If regular Gemtext pages are easy to parse, can we just treat any
Gemtext page as a feed? In fact, yes we can. You can poll plain Gemtext
pages, not feed format files, and detect the links on the page that are
new. And we don't need a Gemtext feed format pattern, because the
pattern of link lines beginning with "=>" is enough.
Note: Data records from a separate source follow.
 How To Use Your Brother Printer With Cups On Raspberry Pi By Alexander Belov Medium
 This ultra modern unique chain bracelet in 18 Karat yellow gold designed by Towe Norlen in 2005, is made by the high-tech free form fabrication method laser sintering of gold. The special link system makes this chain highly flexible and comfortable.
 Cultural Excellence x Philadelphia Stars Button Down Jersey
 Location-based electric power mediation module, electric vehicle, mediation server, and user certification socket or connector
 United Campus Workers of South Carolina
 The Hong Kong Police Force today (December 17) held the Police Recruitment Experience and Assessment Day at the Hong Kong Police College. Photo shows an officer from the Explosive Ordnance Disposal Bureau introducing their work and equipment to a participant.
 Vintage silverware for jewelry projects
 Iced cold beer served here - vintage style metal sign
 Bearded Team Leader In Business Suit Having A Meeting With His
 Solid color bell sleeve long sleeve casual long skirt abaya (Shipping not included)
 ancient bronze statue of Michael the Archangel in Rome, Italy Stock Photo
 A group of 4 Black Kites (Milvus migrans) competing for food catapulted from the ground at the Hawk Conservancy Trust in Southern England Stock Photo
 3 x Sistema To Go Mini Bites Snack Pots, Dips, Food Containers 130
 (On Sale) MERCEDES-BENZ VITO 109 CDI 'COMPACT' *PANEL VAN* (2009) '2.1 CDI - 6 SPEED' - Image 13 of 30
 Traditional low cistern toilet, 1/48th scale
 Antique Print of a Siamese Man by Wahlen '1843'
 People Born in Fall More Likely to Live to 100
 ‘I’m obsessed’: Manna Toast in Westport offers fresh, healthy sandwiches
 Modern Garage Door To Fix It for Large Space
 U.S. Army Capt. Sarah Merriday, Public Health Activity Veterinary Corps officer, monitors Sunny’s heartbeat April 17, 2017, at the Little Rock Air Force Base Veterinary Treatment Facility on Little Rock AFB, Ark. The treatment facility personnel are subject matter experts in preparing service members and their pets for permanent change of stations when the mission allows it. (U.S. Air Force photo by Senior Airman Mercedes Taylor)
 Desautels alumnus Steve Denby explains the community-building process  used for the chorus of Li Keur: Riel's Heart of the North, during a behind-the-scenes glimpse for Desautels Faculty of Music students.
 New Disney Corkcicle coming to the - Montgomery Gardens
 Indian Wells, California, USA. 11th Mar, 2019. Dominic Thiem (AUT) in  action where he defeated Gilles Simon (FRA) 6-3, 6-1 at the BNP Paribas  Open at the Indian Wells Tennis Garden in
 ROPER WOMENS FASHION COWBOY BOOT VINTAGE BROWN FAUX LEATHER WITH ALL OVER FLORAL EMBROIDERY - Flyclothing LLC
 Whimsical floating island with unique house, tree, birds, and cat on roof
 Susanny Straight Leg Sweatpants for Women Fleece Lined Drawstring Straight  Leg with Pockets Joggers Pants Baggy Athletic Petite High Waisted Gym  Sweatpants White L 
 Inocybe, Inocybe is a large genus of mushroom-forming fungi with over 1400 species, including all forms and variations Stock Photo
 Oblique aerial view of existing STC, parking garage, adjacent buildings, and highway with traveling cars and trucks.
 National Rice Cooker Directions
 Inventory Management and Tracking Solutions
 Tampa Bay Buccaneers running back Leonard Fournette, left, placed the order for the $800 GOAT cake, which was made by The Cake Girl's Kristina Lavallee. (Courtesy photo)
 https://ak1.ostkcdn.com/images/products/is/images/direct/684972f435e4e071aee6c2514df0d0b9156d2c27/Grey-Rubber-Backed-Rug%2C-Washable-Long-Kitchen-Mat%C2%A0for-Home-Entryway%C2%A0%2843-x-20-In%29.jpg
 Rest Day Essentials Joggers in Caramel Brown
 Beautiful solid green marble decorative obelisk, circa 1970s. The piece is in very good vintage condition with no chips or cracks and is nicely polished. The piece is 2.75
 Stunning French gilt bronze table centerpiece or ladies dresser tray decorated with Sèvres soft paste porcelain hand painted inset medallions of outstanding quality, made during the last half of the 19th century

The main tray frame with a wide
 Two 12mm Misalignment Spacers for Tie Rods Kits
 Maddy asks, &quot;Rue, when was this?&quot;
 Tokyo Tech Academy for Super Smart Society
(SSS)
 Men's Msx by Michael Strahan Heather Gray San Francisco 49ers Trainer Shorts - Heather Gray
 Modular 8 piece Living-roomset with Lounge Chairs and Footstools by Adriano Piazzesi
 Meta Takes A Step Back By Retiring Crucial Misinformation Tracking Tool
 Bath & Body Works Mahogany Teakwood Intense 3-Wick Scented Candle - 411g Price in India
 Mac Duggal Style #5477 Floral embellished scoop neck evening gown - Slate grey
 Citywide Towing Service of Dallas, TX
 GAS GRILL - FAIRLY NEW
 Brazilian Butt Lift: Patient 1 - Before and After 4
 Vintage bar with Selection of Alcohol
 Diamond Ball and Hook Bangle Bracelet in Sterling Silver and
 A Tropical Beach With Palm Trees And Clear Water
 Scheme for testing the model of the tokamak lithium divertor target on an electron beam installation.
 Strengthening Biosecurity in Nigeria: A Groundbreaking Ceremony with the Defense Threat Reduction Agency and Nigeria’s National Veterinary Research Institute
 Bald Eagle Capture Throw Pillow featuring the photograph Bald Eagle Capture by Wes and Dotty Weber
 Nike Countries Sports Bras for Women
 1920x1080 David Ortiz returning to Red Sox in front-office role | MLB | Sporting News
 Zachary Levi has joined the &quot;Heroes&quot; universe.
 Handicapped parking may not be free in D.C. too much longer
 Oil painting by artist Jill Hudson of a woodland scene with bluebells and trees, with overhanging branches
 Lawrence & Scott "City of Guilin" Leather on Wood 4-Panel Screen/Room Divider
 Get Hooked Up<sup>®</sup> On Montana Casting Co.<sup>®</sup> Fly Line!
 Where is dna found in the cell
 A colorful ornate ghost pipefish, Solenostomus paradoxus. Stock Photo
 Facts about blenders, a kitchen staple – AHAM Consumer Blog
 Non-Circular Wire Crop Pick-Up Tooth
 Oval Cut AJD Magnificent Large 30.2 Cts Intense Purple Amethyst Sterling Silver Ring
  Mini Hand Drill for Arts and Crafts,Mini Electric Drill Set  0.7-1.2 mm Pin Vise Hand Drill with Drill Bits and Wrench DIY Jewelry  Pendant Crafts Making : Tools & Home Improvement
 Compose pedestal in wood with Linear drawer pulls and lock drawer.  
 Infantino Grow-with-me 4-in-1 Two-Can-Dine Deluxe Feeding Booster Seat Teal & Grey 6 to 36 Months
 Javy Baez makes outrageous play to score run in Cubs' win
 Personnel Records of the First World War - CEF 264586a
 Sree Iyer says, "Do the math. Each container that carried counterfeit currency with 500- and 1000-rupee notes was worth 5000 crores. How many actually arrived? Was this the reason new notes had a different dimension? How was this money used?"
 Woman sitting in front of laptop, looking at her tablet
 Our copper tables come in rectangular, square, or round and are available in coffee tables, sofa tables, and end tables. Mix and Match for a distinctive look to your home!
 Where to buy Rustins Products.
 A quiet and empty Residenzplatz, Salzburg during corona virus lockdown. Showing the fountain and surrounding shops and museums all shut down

# Subscribing to any Gemtext page

To get a feel for that, I did a proof of concept that you can try out:

=> https://github.com/kconner/gemini-subscription-cli Proof of Concept

This repository contains a Makefile and a shell script. The script takes
a list of Gemini URLs to fetch, which are expected to be Gemtext pages.
It filters them down to just the link lines. It compares the set of link
lines with a previously-fetched set of link lines, and it identifies and
emits those that are new. It saves the new total set as the next run's
previous set for comparison.

If you want, you can clone the repo and then try it out.

Subscribe to some pages:

$ echo 'gemini://gemini.circumlunar.space:1965/servers/' >> subscribed-urls
$ echo 'gemini://tilde.team/~easeout/glog/' >> subscribed-urls

Fetch all the links, since we don't have a prior set to compare to:

$ make
fetched: gemini://gemini.circumlunar.space:1965/servers/                   

fetched: gemini://tilde.team/~easeout/glog/                                

wrote: new-links.gmi                                                       

=> gemini://gus.guru/known-hosts Gemini hosts known to GUS                 

=> gemini://gemini.conman.org                                              

=> gemini://zaibatsu.circumlunar.space                                     

=> gemini://carcosa.net                                                    

?

Later, update again and identify what's new. (To test right away, you
can delete a few lines from cached-links.gmi.)

$ make
fetched: gemini://gemini.circumlunar.space:1965/servers/
fetched: gemini://tilde.team/~easeout/glog/
wrote: new-links.gmi
=> gemini://breadpunk.club
=> 2020-09-07-re-a-wordpress-confession.gmi 7 September 2020: Re: A Wordpress Confession

# Where does this functionality belong?

This proof of concept demonstrates that any Gemini page can already be
treated like a feed. This means that, if you don't mind not
participating in the broader internet feed reader ecosystem, and you
don't mind the occasional page redesign creating noise in subscription
results, you don't have to make a feed file at all. Syndication is
zero-cost.

In hindsight, why does RSS exist? What is "Really Simple" about it?
Well, it's simpler than HTML. If HTML was easy enough to parse, you
could just subscribe to web pages and not need feed files. But Gemtext
is already easy to parse. We don't our experience on the web to mislead
us into thinking a page, like your blog index page, is not already a
subscribable list of links.

It's been pointed out this is not very different from Spacewalk, which
(I think?) works by just polling Gemini pages and updating when they
change, as opposed to when their links change. Both of these are useful
and easy ways to subscribe to any Gemtext page.

# Closing

Gemtext authors could feel like they are not burdened with creating a
feed file if browsers, feed readers, and aggregators allowed subscribing
to Gemtext pages directly. When as an author you understand that a feed
file is unnecessary, the pressure to create a feed file is lifted. But
for that to happen, you have to see direct Gemtext subscription working
in the wild. One way that could work is for a browser to have a way to
treat a bookmark like a feed subscription. I also think if CAPCOM would
accept Gemtext pages as a feed URL option, that would go a long way.